Comparing the two charts we see that the *Sydney Morning Herald* continued to have mostly advertisements on the front page until 1944 when things changed dramatically.

## When did articles overtake advertising?

The charts above show that, across all newspapers, articles overtook advertising about 1930. But the *Sydney Morning Herald* was significantly later. Let's see if we can find the date this change occured across different newspapers. Of course, not every newspaper started with more ads than articles, so not all of them will have a 'crossover' date. Indeed, some newspapers on Trove have short publication spans, so you're not likely to observe major changes. Also, in some cases the number of words in each category went up and down, so there might be multiple crossovers. Here I'm looking for newspapers where at some point in their history there were more words in advertising that articles on front pages, and then selecting the latest date that this changed so that there were more words in articles.

In [19]:
def find_latest_year(df, newspaper=None):
    """
    Find the latest 'crossover' date when the number of words in articles
    became greater than in advertising.
    """
    df_words_per_page = get_words_per_page(df, newspaper)
    # Limit to only Article and Advertising categories
    df_changes = df_words_per_page.copy().loc[
        df_words_per_page["category"].isin(["Advertising", "Article"])
    ]
    # Because we're grouping by year, this will calculate the difference
    # between the Advertising and Article totals
    df_changes["diff"] = df_changes.groupby("year")["total"].diff()

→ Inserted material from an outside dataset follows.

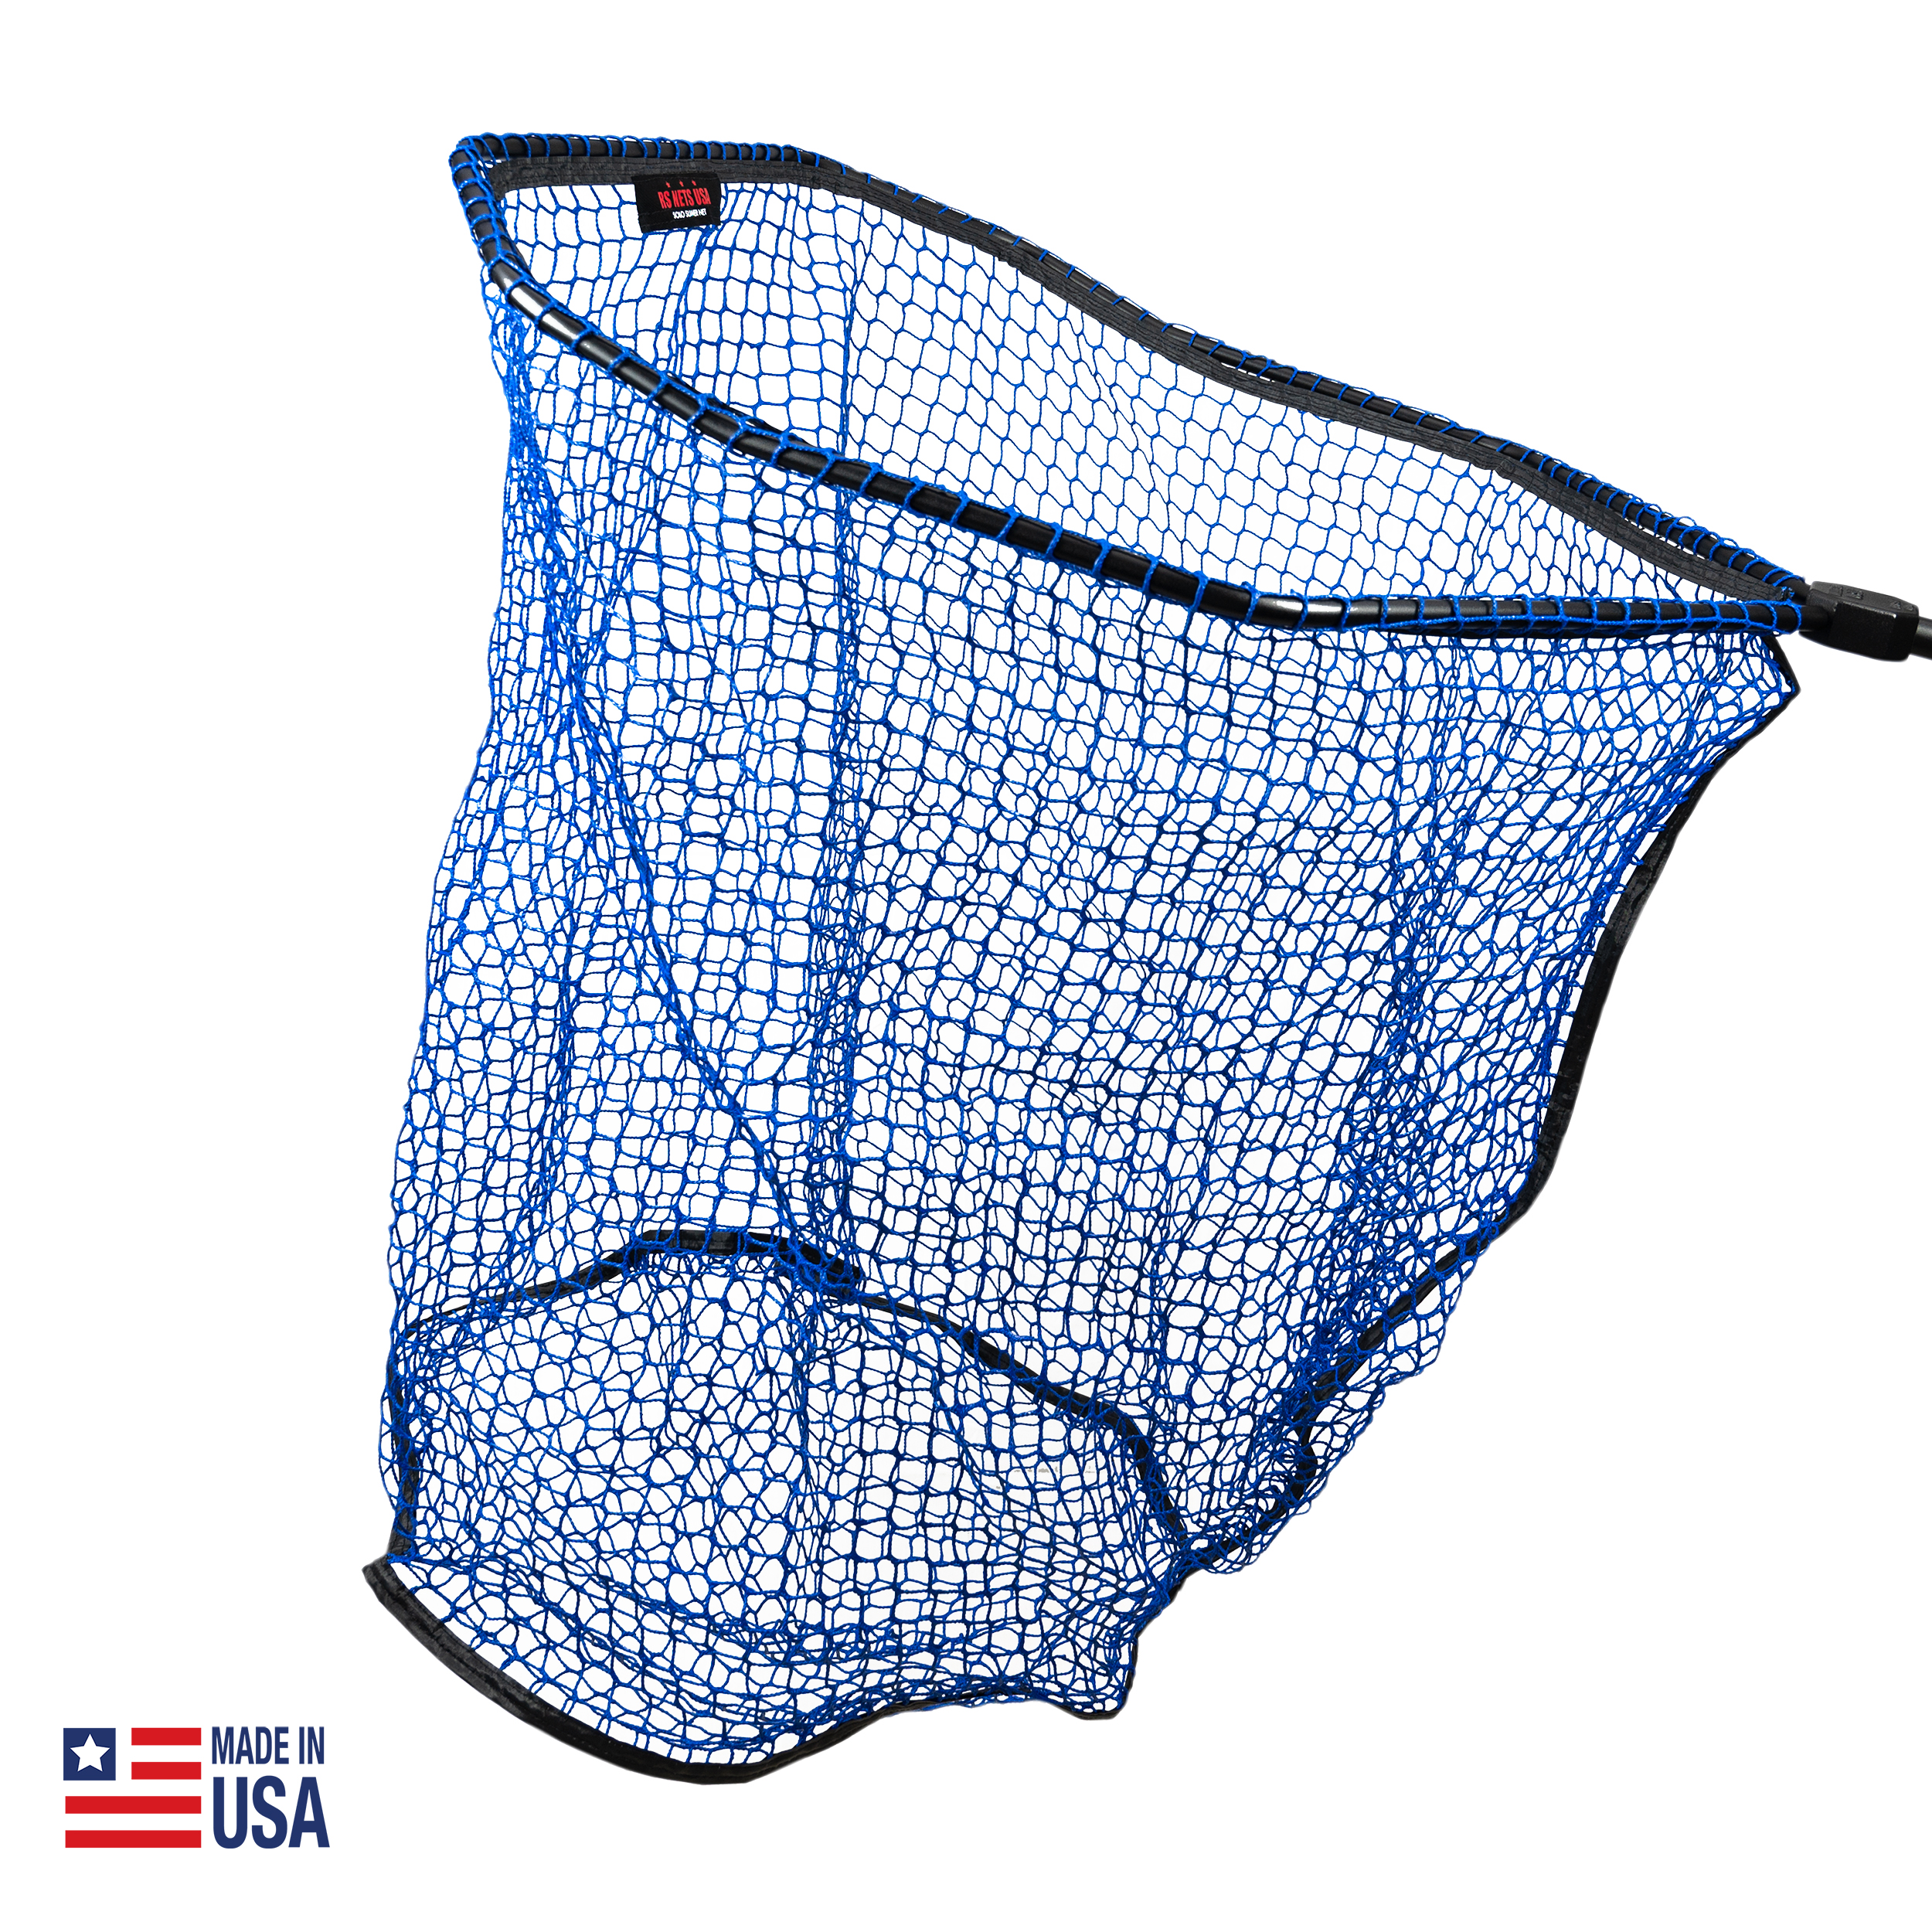 Kingfisher Carp Rubber Landing Net - Small, Shop Today. Get it Tomorrow!

    # We want to check that Articles are in front of Ads at the end of this time span
    # So let's find the last Article
    last_year = df_changes["year"].max()
    last_article = df_changes.loc[
        (df_changes["category"] == "Article") & (df_changes["year"] == last_year)
    ]
    try:
        # Check that the last Article has more words than the Ads
        if last_article.iloc[0]["diff"] > 0:
            # Find all of the years when Articles pull ahead of Ads and select the last one
            latest_year = df_changes.loc[
                (df_changes["category"] == "Article") & (df_changes["diff"] < 0)
            ]["year"].max()
        else:
            latest_year = None
    except ValueError:
        # last_year = int(df["year"].min())
        latest_year = None
    if pd.isnull(latest_year):
        latest_year = None
    return latest_year

Let's try to find the latest crossover date across all newspapers.

In [20]:
find_latest_year(df)

Timestamp('1930-01-01 00:00:00')

Cool, that matches the chart above. Now let's try the  *SMH*.

In [21]:
find_latest_year(df, 35)

Timestamp('1944-01-01 00:00:00')

Again that matches the chart. Now let's run this function across all the newspapers.

In [22]:
changes = []

# Get a list of all newspaper ids
newspapers = list(df["newspaper_id"].unique())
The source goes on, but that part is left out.